01 前幾天我看到連岳老師關於二舅視頻的一段話,有點感慨,因為它想到了另一位作家:王小波。 連岳老師的話是這樣的: 網路圖片 這段話挺奇怪的,有點像邏輯學上所謂的「悖論」。連岳老師也反對「上綱上線」,但是 「凡是不喜歡這個視頻的,上綱上線的,基本都可以視為人民的敵人」,這就像一個糙男拍桌子大罵:「那些歧視女性的人,連娘們都不如!」 這個時候,你就搞不清楚他是男權沙文主義者呢,還是女權主義者,是吧? 確實是謎一樣的男子。 當然,「二舅「視頻也無非就是一個視頻,喜歡也好,不喜歡也好,談不到是人民的朋友還是人民的敵人。連岳老師的論斷就讓我想到了王小波的一段話: 去看電影,尤其是國產電影,也有類似的危險;這種危險表現在兩個方面:看了好電影不覺得好,你就不夠好;看了壞電影不覺得壞,你就成了壞蛋——誰敢拿自己的人品去冒這個風險? 我不知道連岳老師現在再看王小波這段話,會作何感想。但是在多年前,王小波可是連岳老師的精神導師。 網路圖片 摘自連岳老師的《予人慧命者的王小波》 你看,連岳老師什麼時候下手都比別人要狠。換上一般人,最多說句「醍醐灌頂」、「如夢初醒」之類的話,連岳老師卻直接發現自己就是「一隻蠢豬」。說實話,這有點過分了,不該這麼說自己。 擺脫「一隻蠢豬」狀態的連岳老師曾斷言公務員都是小偷和強盜。(當然,王小波本人斷然不會贊成這樣極端的看法) 網路圖片 摘自連岳老師的《我為什麼說公務員是小偷和強盜?》 (抄這個標題的時候我都有點恐慌) 現在,連岳老師忽然又發現公務員原來是最先進的群體。那麼,連岳老師回過頭來看以前的文章,該怎麼評價自己?會不會有當年讀完王小波後的感受? 雖說君子可以豹變,但豹變成了習慣,也不是好事。以後思潮一旦變遷,泔水桶一旦轉移,我覺得連岳老師說不定又會豹變。這樣一來,連岳老師萬一垂垂老矣的時候,又來次豹變,回顧自己幾十年的的人生,感慨……那就不好了。 所以說,以後連岳老師萬一被評為文學家,出一套十卷本編年體的《連岳文集》,那麼第三卷和第四卷,第六卷和第七卷,第九卷和第十卷能互相掐死對方。 02 不過,我這篇文章主要不是想說連岳老師,而是想說王小波。 我讀王小波的時候,大約是二十多歲。

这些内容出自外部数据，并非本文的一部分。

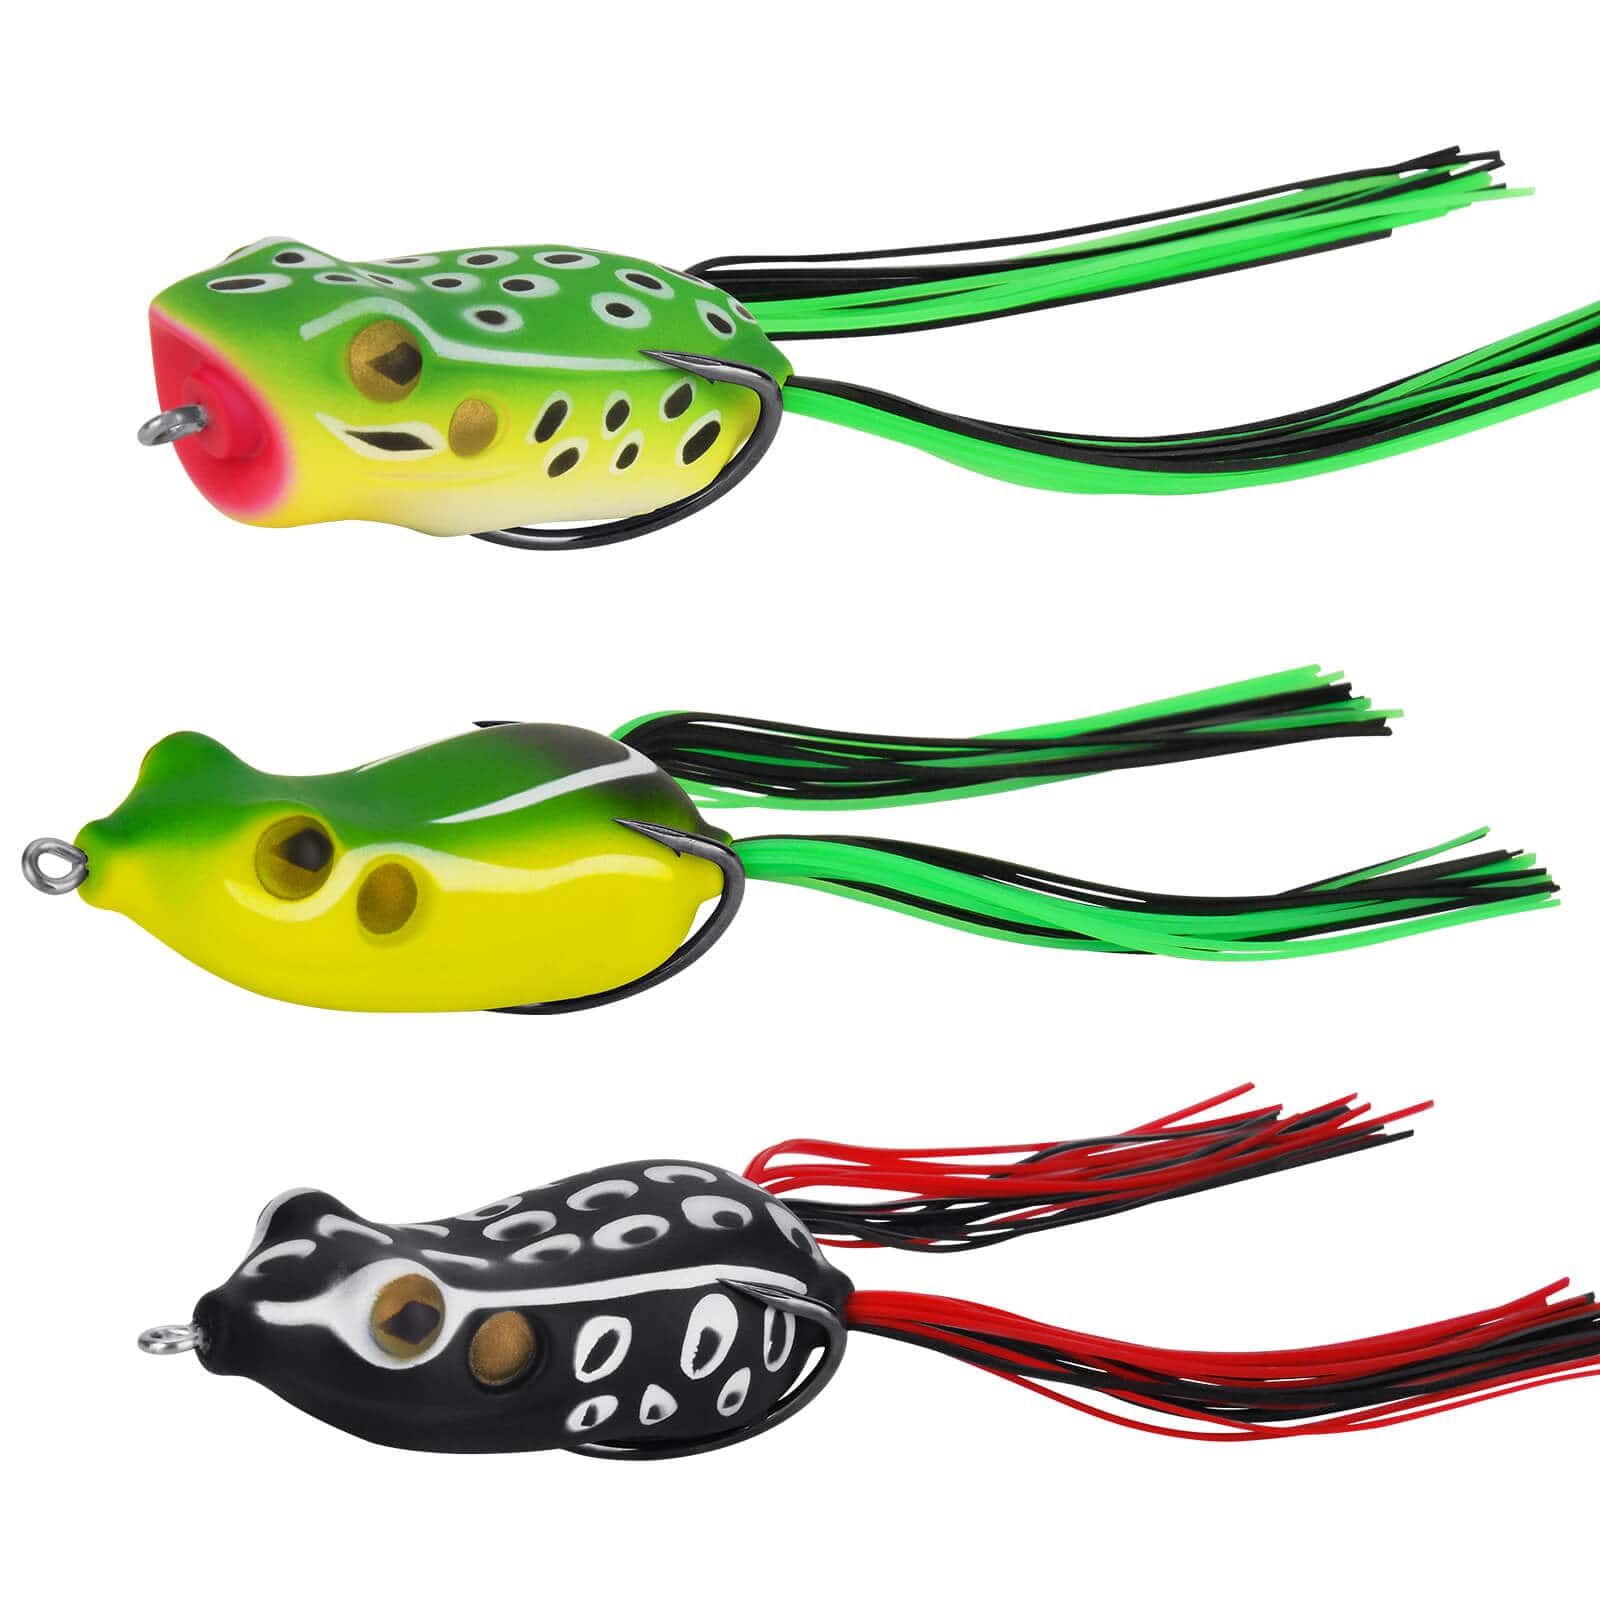 Frog Lure, Frog Fishing Set, with Fishing Hooks +Connectors Frog Lure Kit,  Fish Tackle Frog Baits, 13X6.5X2.2Cm Sea/Fresh Water for Fishing Lover
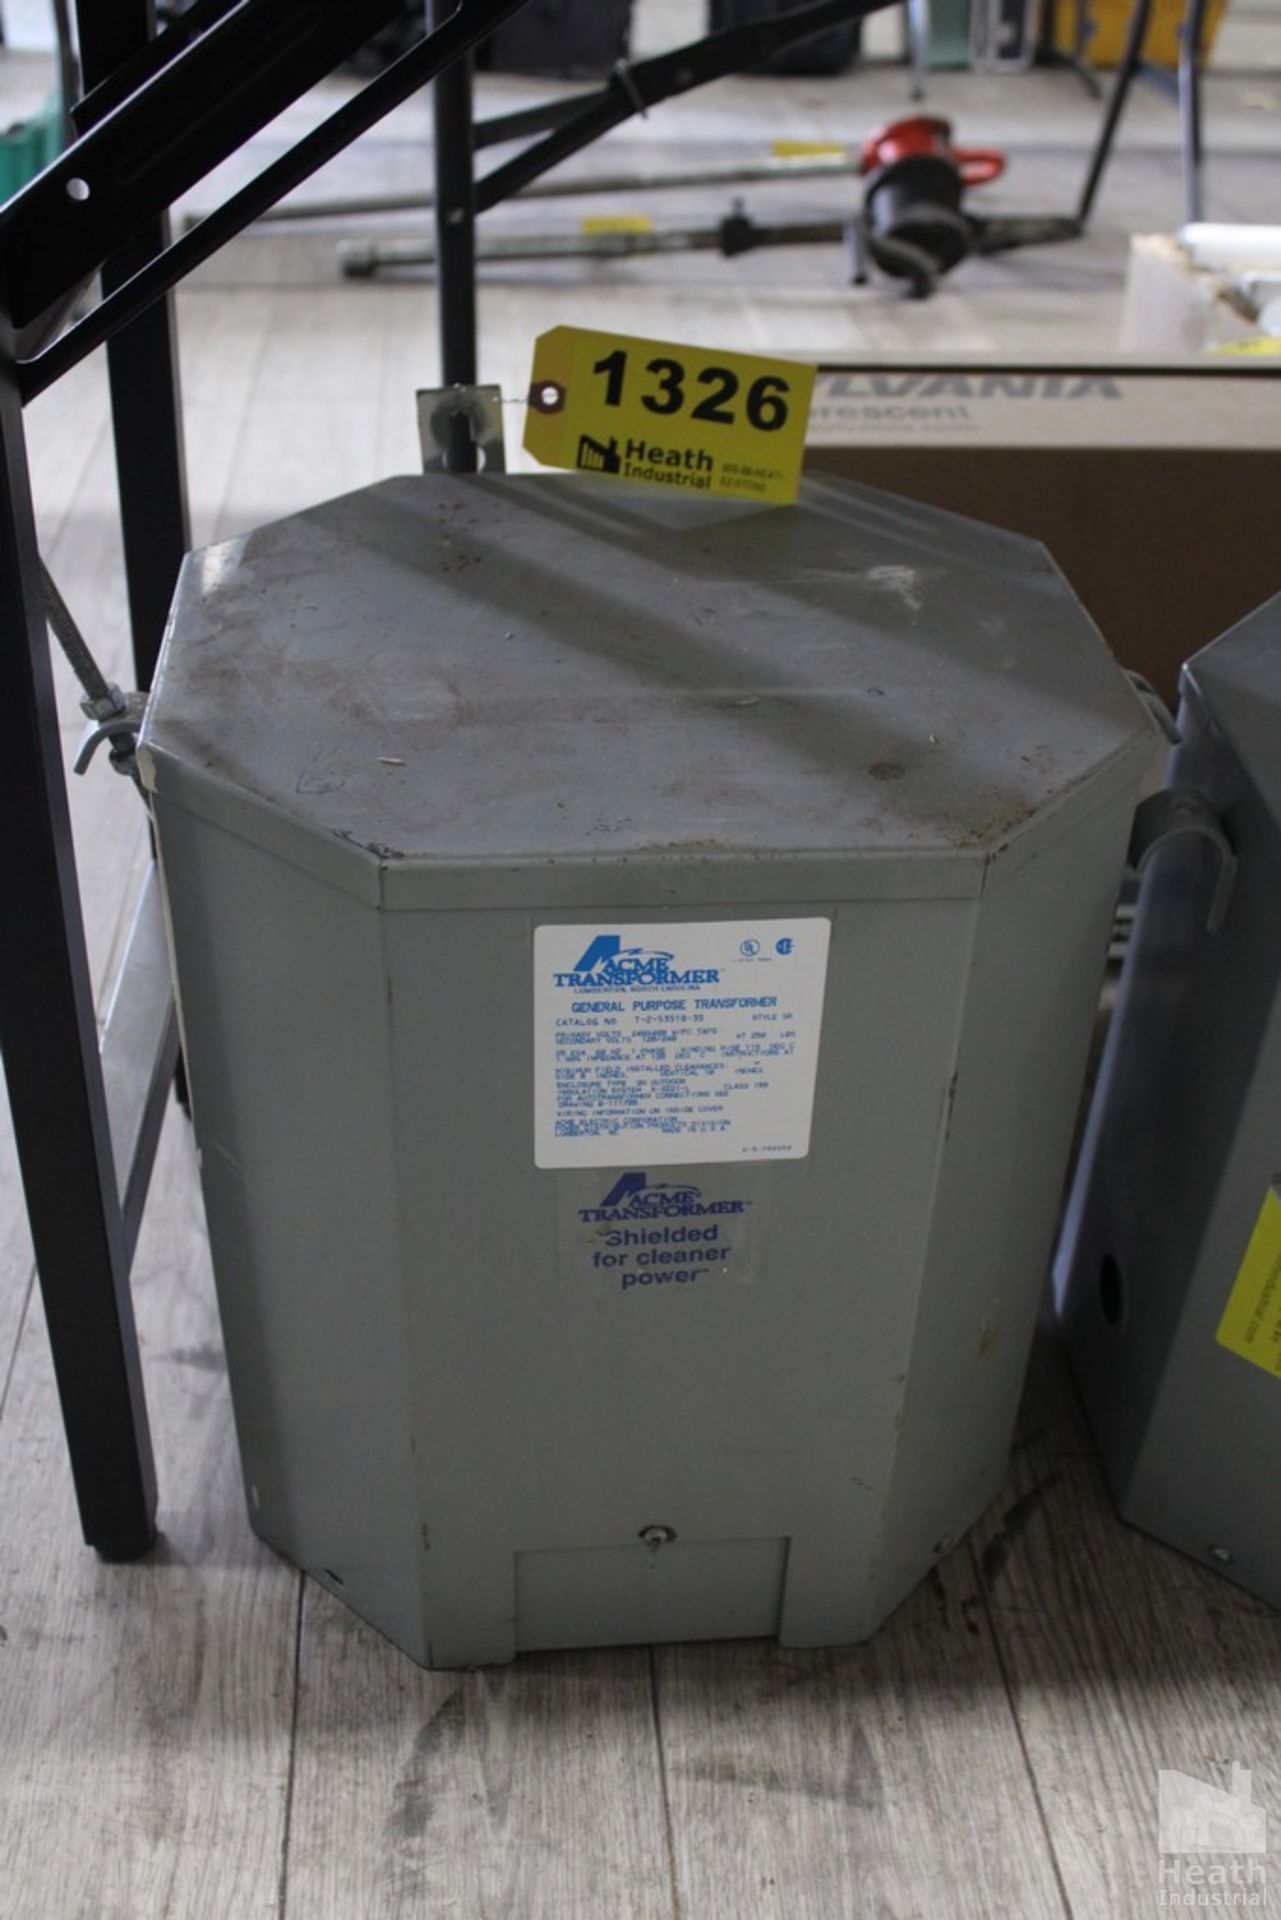 ACME GENERAL PURPOSE TRANSFORMER, CAT NO. T-2-53518-3S, STYLE-SR, PRIMARY VOLTS 240X48, SECONDARY

當時感覺作者既幽默又親切,但是並沒有什麼思想上的顛覆性,讀完了絲毫沒有把自己和豬聯繫起來。 三十歲以後,我就沒怎麼認真讀過王小波。在我看來,王小波的雜文是一種階段性的讀物,就像《麥田裡的守望者》一樣。在青春的時候遇到它們是一種幸運,但是過了那個年齡段,就不需要再讀了。 為什麼會有這種想法呢? 就是因為我覺得王小波雜文里說的都是一些淺得不能再淺的常識。人應該追求智慧和趣味、辯論的時候不能扣大帽子、不要仇恨帶來壞消息的人等等,這都是些極其簡單的道理呀。不需要深刻的思考,不需要淵博的知識,我覺得任何正常人都會同意這些觀點。王小波只是把這些道理說得有趣點,並沒有什麼了不起。 但是,現在我的想法變了。 我覺得王小波是知識分子里最重要的一類人。很多知識分子可能比王小波想的更深刻,觀察得更敏銳,但是他們都沒有王小波重要。 這個世界需要深刻,需要知識,但是它更需要一些基本的常識。如果大家對一些基本常識達成了共識,都遵守一些並不複雜的規則,那麼就算我們犯錯了,也不會錯得太離譜。 我原來以為常識是不需要多講的東西,但是我錯了。常識需要不斷被重申。無論任何一個國家,任何一個時代,常識都需要被不斷重申。人是感情動物,隨著情緒的波動,隨時都可能背離這些常識,所以我們需要一代又一代地把常識刻進人們的心裡。不然的話,人們就是會遺忘。 03 王小波的重要性是什麼? 無數人都知道這些常識,王小波之所以重要,不是因為他說出了這些常識,而是因為他能為這些常識背書。 他用自己有趣的文字、善良的性格、君子的風範為這些常識背了書。他活生生地像大家證明,擁有了這些常識,人可以活得多麼乾淨,多麼有趣,多麼讓人嚮往。 碰到連岳老師發表的那種言論,我會本能地援引王小波的文章來反駁他,就是因為大家都能接受王小波。即便是觀念不同的人,也很難去辱罵王小波那樣的作家。 王小波幽默、溫和、寬容、乾淨,充滿善意地看待世界。只有這樣的人,才能把常識說得讓大家都能夠接受,把這些並不複雜的道理刻入人心。哪怕是乖戾的人,在他面前也會忘掉心中的戾氣。所以,怎麼稱讚王小波都不算高估。他確實非常非常重要。 每個時代都應該有自己的王小波,用貼近時代的語言,去重申那些老生常談的常識。但是很可惜,出現還是不出現,是要看運氣的。並不是每個時代都會產生這樣的人物。在沒有新版王小波的時候,我們只能湊合著援引老版王小波。 也許有些老舊,但又有什麼辦法呢? 總不能去追隨測不準的人生導師吧?追隨他們太危險了,說不定什麼時候他們就會忽然嘆氣:「我想明白了,前兩年我領你們去的地方是化糞池。抱歉讓你們喝了幾年的糞湯,但現在不會了,這次肯定是雞湯!」 萬一他們又變了呢? 還是讀讀王小波吧。 (全文轉自微信公眾號押沙龍yashl)

李銀河何以變身華春瑩?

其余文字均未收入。